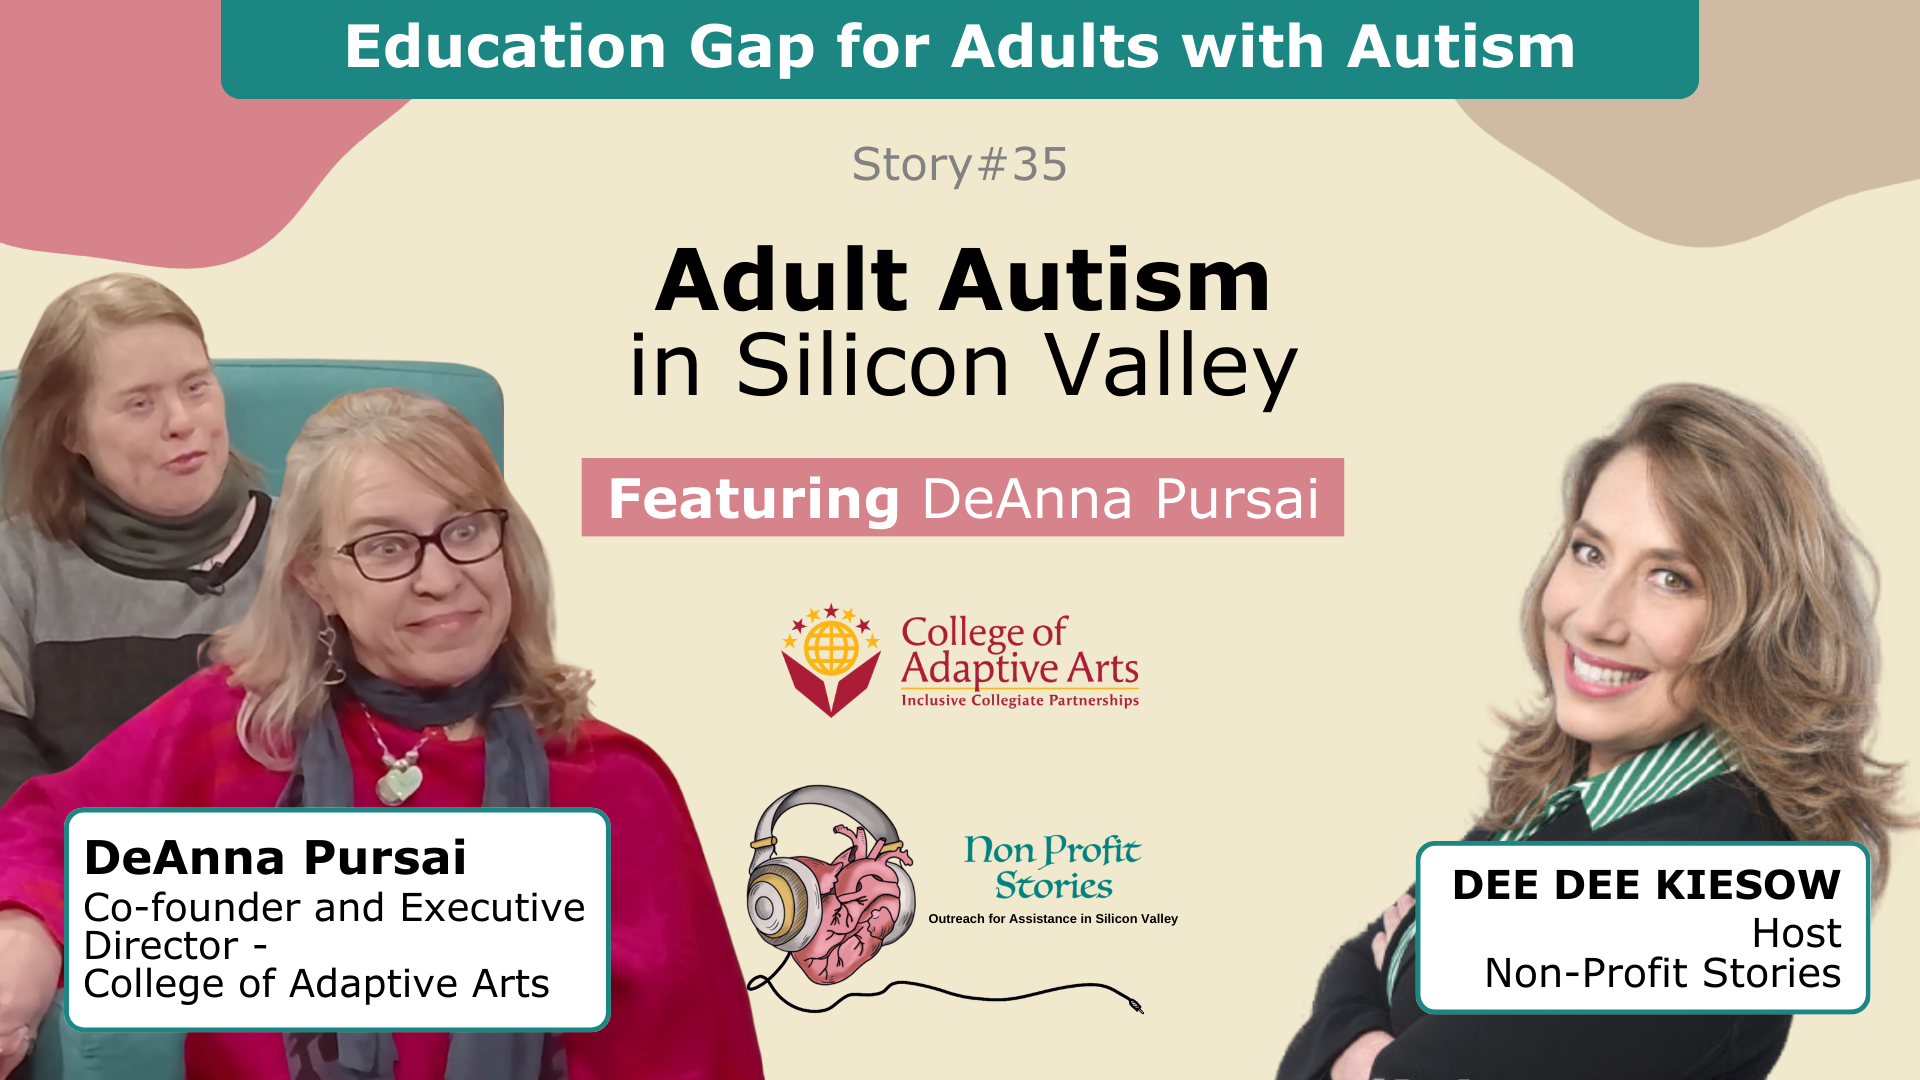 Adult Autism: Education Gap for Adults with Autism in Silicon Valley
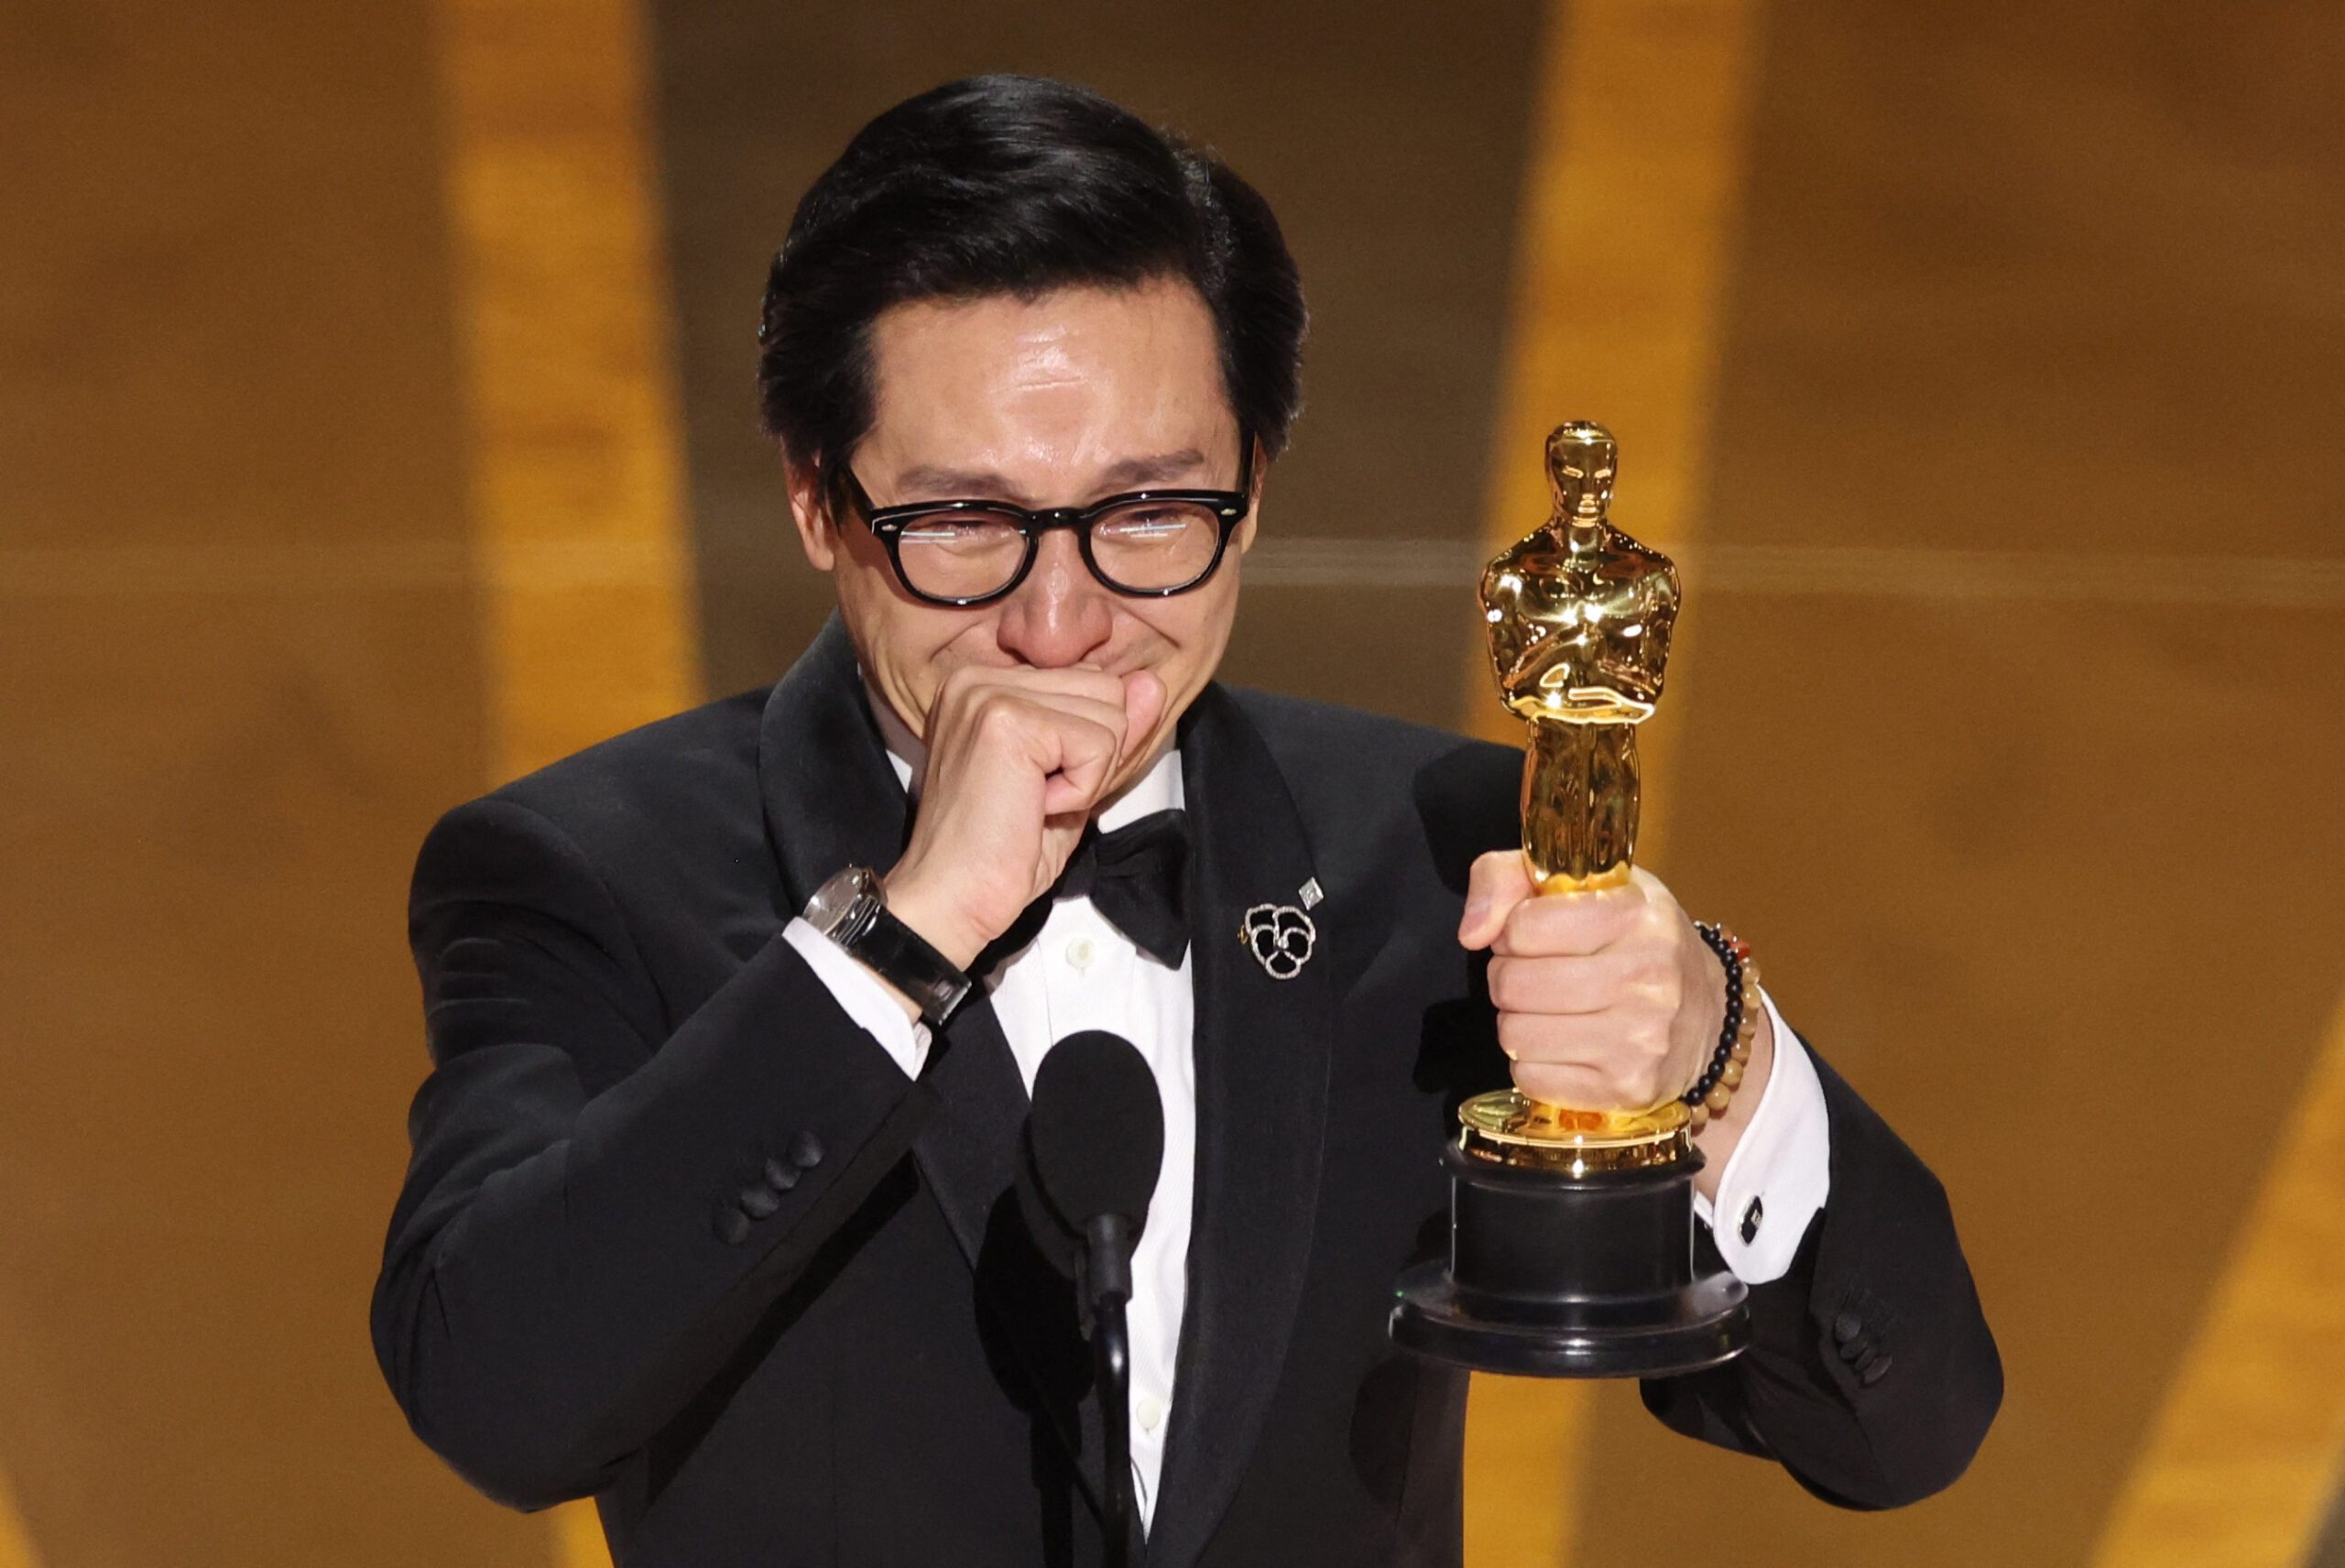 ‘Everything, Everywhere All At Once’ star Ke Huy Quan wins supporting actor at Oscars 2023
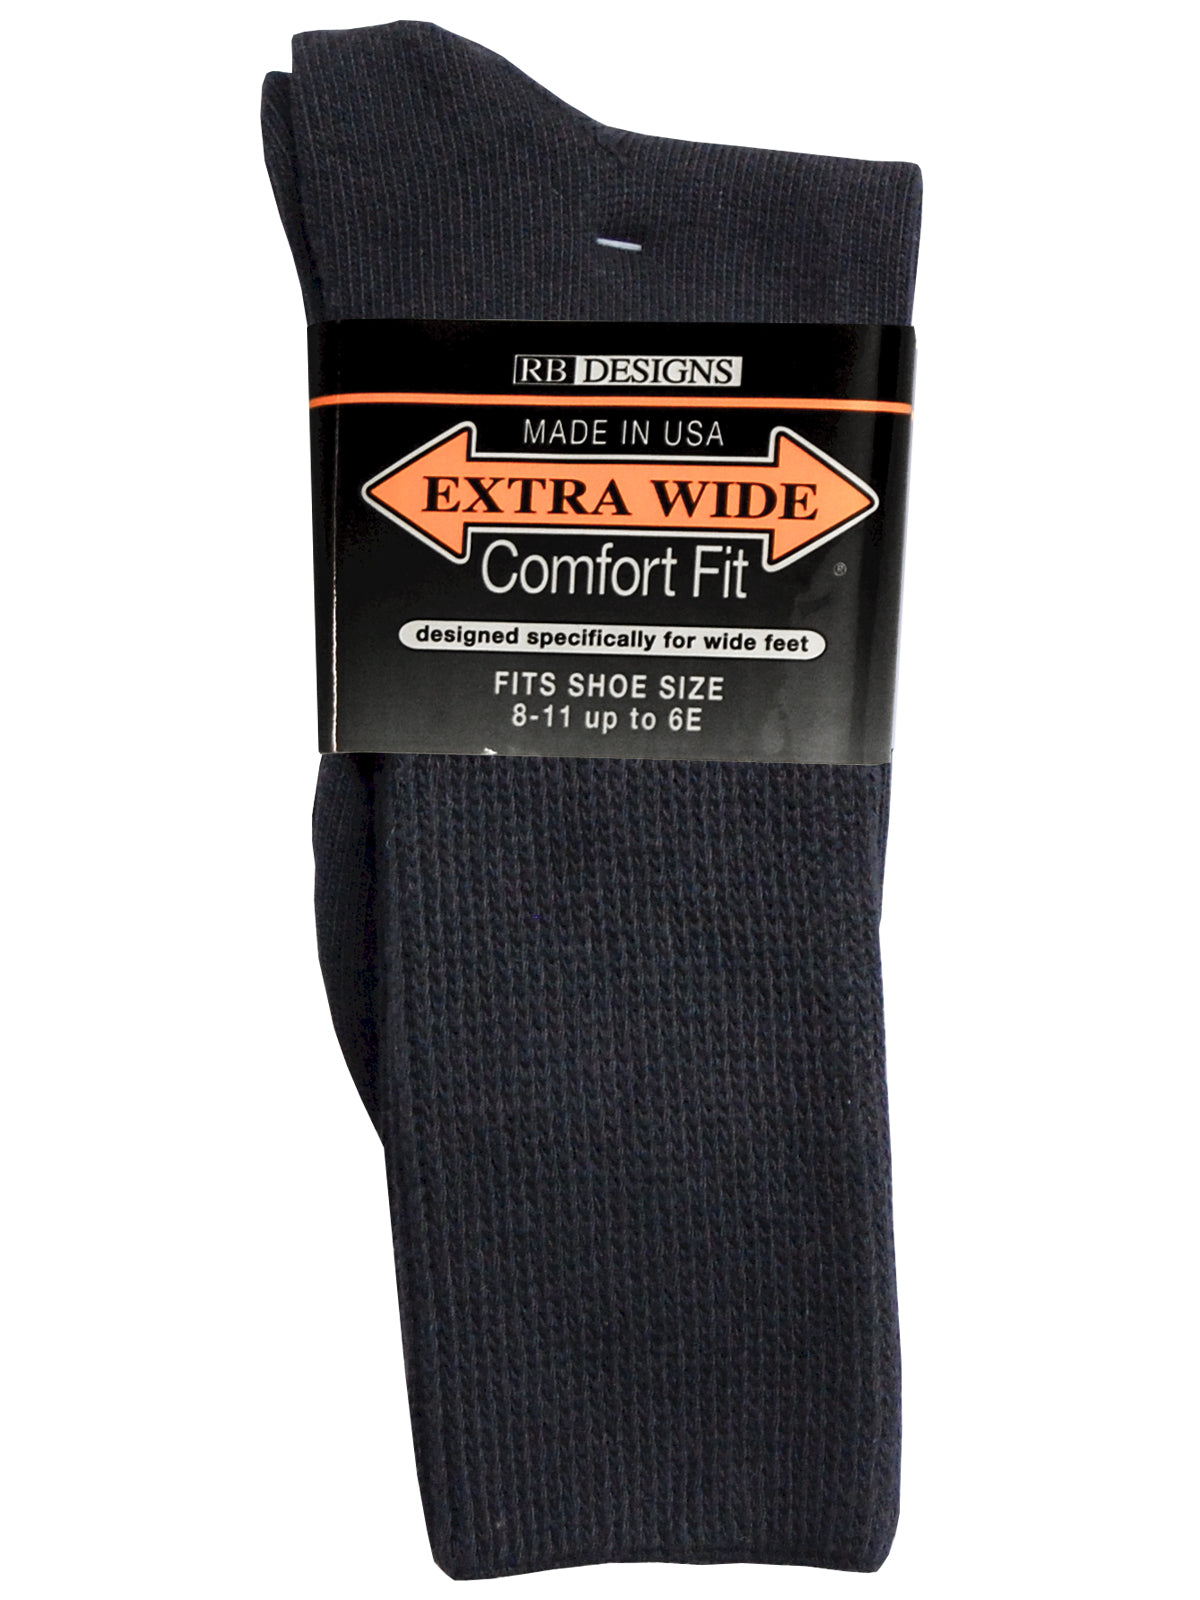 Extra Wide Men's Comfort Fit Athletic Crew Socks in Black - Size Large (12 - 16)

__________

» **TASK DETAILS**
Please give all of the material again, exactly, without the images.

» **PROBLEM SOLUTION**
 Adult Autism: Education Gap for Adults with Autism in Silicon Valley
 ‘Everything, Everywhere All At Once’ star Ke Huy Quan wins supporting actor at Oscars 2023
 Extra Wide Men's Comfort Fit Athletic Crew Socks in Black - Size Large (12 - 16)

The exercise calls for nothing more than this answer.